When my options for Friday night are being a 3rd wheel or bringing a gay man as my date i need to focus on other things in life like having a successful career.
dude we gotta go shopping. I made pancakes this afternoon and used them as sandwich bread.
We were making out and then he stopped and said to me, "Your ship is right there, why don't you take your people and just go?"
after he fucked me and not his girlfriend, i told him to be a gentleman and close his eyes as i ran to the bathroom naked. so sweet.
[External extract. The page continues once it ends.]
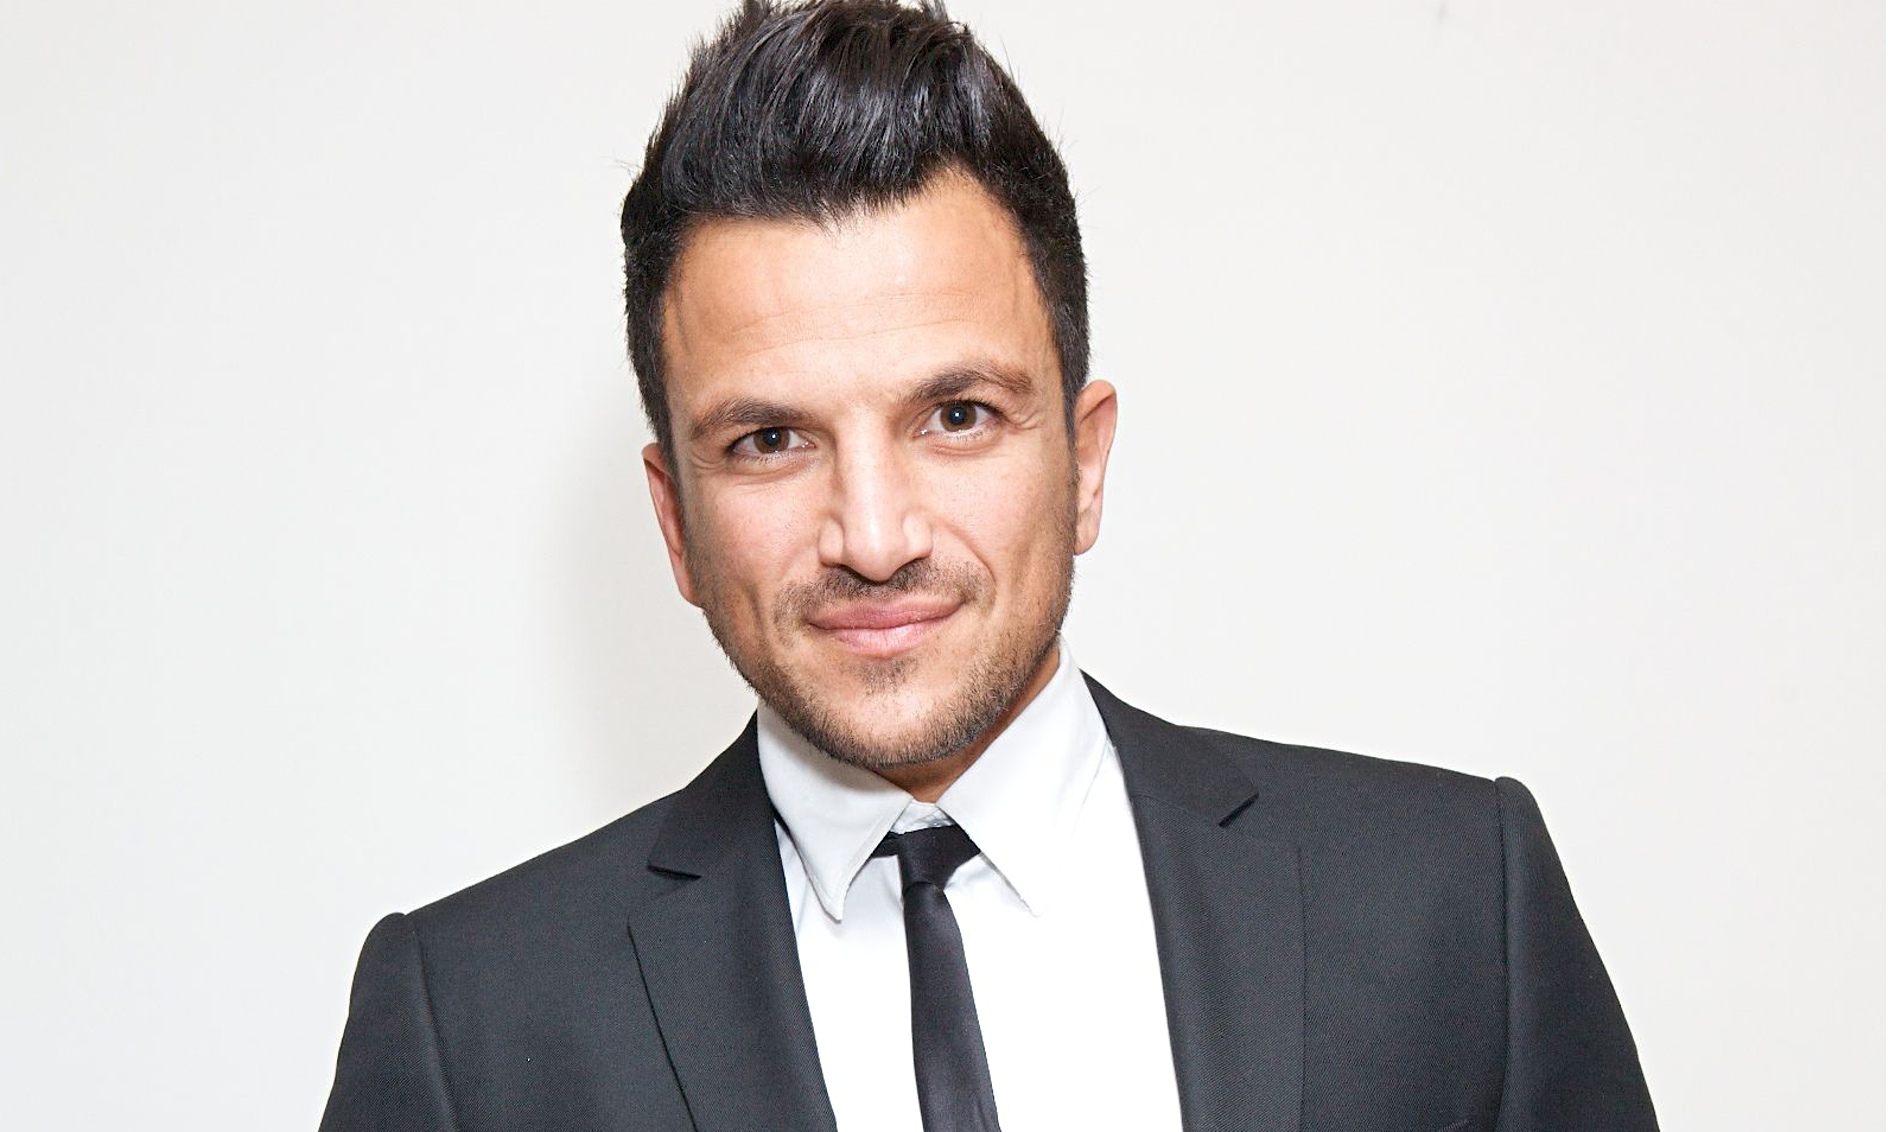 Peter Andre: My family values | Life and style | The Guardian

your definition of "gentleman" is so absurd.
Well regardless of which drugs we choose to do tonight until four in the morning, we are having a wii bowling championship. So choose carefully.
I will probably be peed on at some point today.
I'm not upset because i like you. I'm upset because I can't use you for the sex anymore.
I was the king of the handle race. My team finished it in 56 minutes.
you don't get it. Nobody wins a handle race. there just degrees of losing.
No like you fell onto the fence. I don't even know how you got into the fenced in area.
It's amazing how not interested in talking to him I am since I've decided that he probably has chlamydia.
i think the theme of this summer is "shitting in weird locations."
Is there some sort of line being crossed when your shower activities start to involve jimmy johns?
You're a goddess. Probably of destruction and dick jokes, or some shit, but man, lesser bitches wish they could be half as fab.
I'm so high that a guy on TV just sneezed and I said "bless you."
I need to take my iPad to the Apple store (when this is all over). Do I need to delete all my dick pics/videos or are they used to stumbling across that sort of thing?